New York, July 23: Xerox Corp., the world's biggest copier maker, on Thursday posted a 13 percent rise in second-quarter net profits, matching Wall Street targets, but revenues fell short, and its stock dropped.The Stamford, Conn.-based company said it faced challenges to earnings growth in Brazil and Japan and ongoing pressure from unfavourable exchange rates in Europe and Canada against a strong U.S. Dollar, reflected in the second-quarter's meagre 3-percent revenue growth to $4.86 billion from a year ago.
In response, Xerox stock fell $4.37 to close at $50.81 in heavy New York Stock Exchange trading on Thursday.
Operating net income for the quarter rose to $448 million, or 62 cents per diluted share, compared with $395 million, or 58 cents per share. The latest quarter's results matched analysts' consensus expectations, according to a survey by First Call Corp., which tracks brokerage estimates.

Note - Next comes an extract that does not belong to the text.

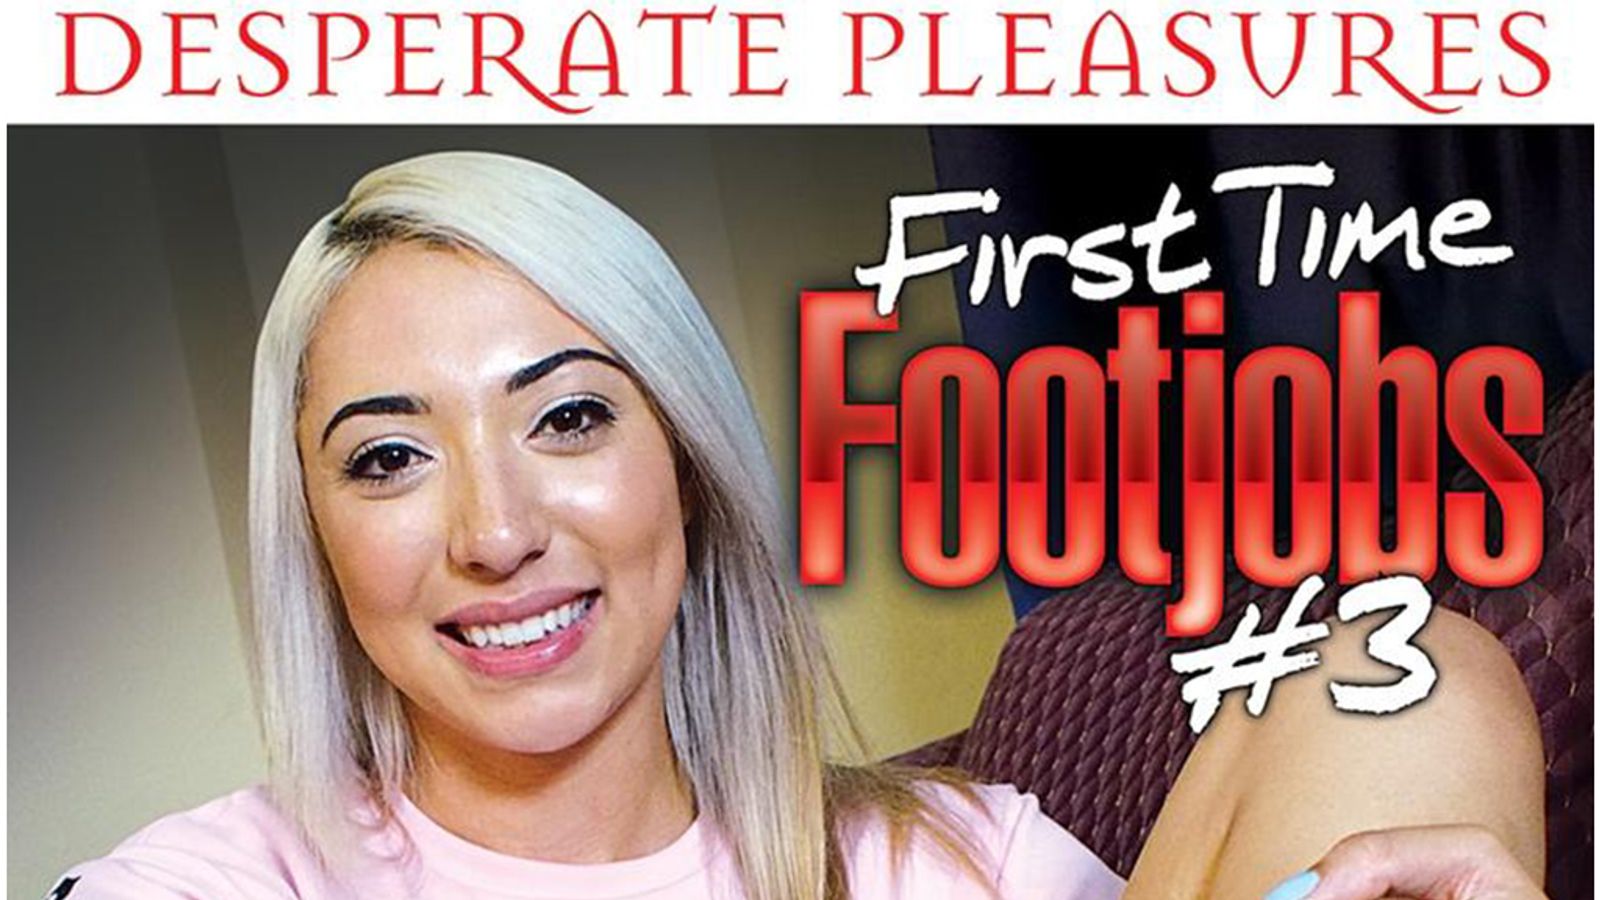 Desperate Pleasures Now Shipping ‘First Time Footjobs 3’
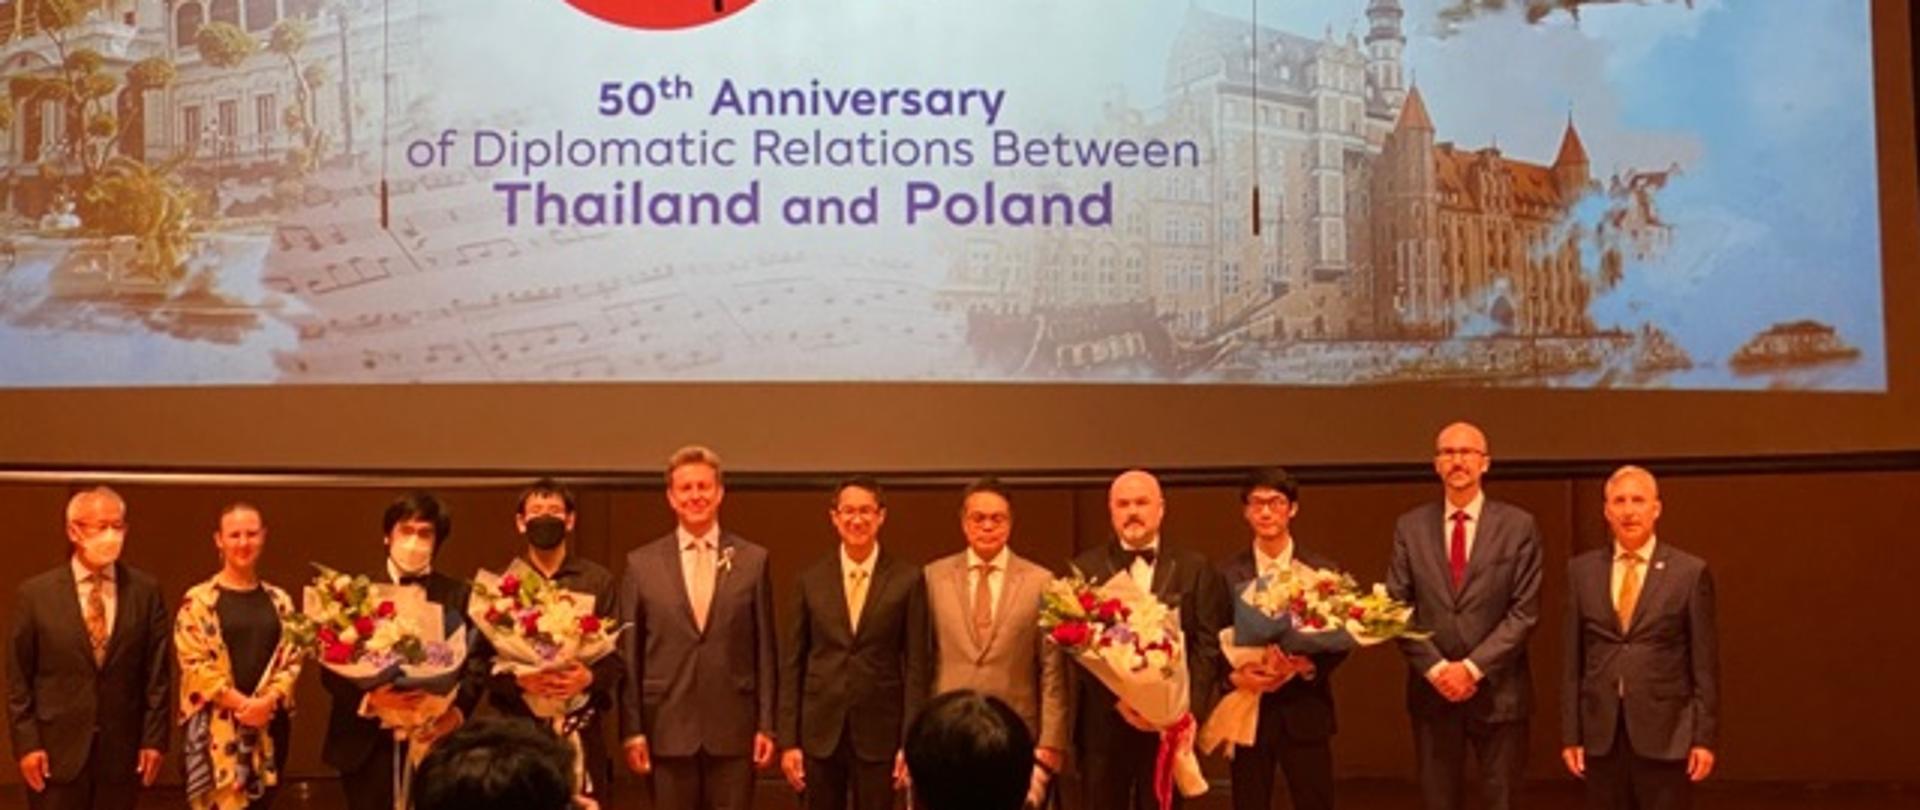 50th anniversary PL - TH diplomatic relations

The year-ago results excluded a $1.1 billion restructuring charge to cover the cost of 9,000 net jobcuts and some office closings, mostly in Europe. With the charge, Xerox had a net loss a year ago of $712 million, or $1.10 per diluted share.
"We are pleased with the rebound in revenue growth in the U.S. And Europe, which we expect to improve further in the second half of the year," said President and Chief Executive Rick Thoman in a statement accompanying earnings.
But later, in a conference call with Wall Street analysts, Xerox vice chairman Barry Romeril said profits for the rest of 1999 would likely be cut by five cents to 10 cents per share due to the negative effects of translating overseas sales into U.S. Dollars.
The negative currency effect contrasts with hopes coming into 1999 that currency would boost Xerox profits by 15 cents to 20 cents in 1999 -- before a Brazilian currency devaluation and the U.S. Dollar turned stronger versus other currencies.
Thoman said, "Any continuation of the current weak European exchange rates together with ongoing weakness in Brazil and Japan make thisearnings growth a much more challenging objective for the remainder of the year."
Prudential Securities analyst B. Alex Henderson said earnings were in line but revenues "came in on the light side" of Wall Street hopes. "The issue in the quarter was revenues. The Street (wasn'T) focused on the earnings," he said.
"That's going to keep people cautious on the stock over the near-term," Henderson warned.
Revenues for new digital products, including copiers and multifunction copier-printers, grew 26 percent. These represented 52 percent of total Xerox revenues and were fuelled by strong sales of high-speed, black-and-white departmental office copiers, said Xerox spokesman Judd Everhart.
The older Xerox light-lens copier business fell 20 percent in the second quarter due to weakness in Brazil, continued pricing pressures, and the customer transition Xerox is encouraging to digital copiers.
This "classic" copier piece of the Xerox business amounted to 31 percent of total revenues. The remaining 17 percentof the total derived from sales of paper and equipment supplies.
Operating profit margins improved 1.5 percent to 14.3 percent during the quarter, as marketing and corporate administration expenses were cut by 2 percent.
Revenues grew 9 percent in the United States and 6 percent in Europe, before translating overseas sales into U.S. Dollars.
Weaker European currencies reduced second-quarter total revenue growth by 1 percentage point to $4.9 billion, which Prudential's Henderson cited as the most troubling concern.
"Europe's 6 percent revenue growth was disappointing," Henderson said. "The company is indicating they plan to add two to three points in the second half of this year, but (the negative effect of) currency will eliminate that. So no top-line improvement is in store," he said of potential revenue growth.
Romeril said Xerox's outlook is further complicated by its bid to encourage customers to upgrade to new digital and colour printing equipment from classic Xerox black-and-white copiers,despite pricing pressures from rivals.
In speaking to analysts, Romeril, who is also Xerox Chief Financial officer, sounded what he said was a "more cautionary tone for the latter part of the year."
If current exchange rates with Europe, Japan, Canada and Brazil continued, Romeril told analysts he expected Xerox earnings to be "cut by 5 cents to a dime (10 cents) for 1999."
Previously, Financial analysts had projected the Stamford, Conn.-based company would earn $2.68 per share in the 1999 full year compared with $2.33 per share in 1998, according to a recent First Call Corp. survey of brokerage estimates.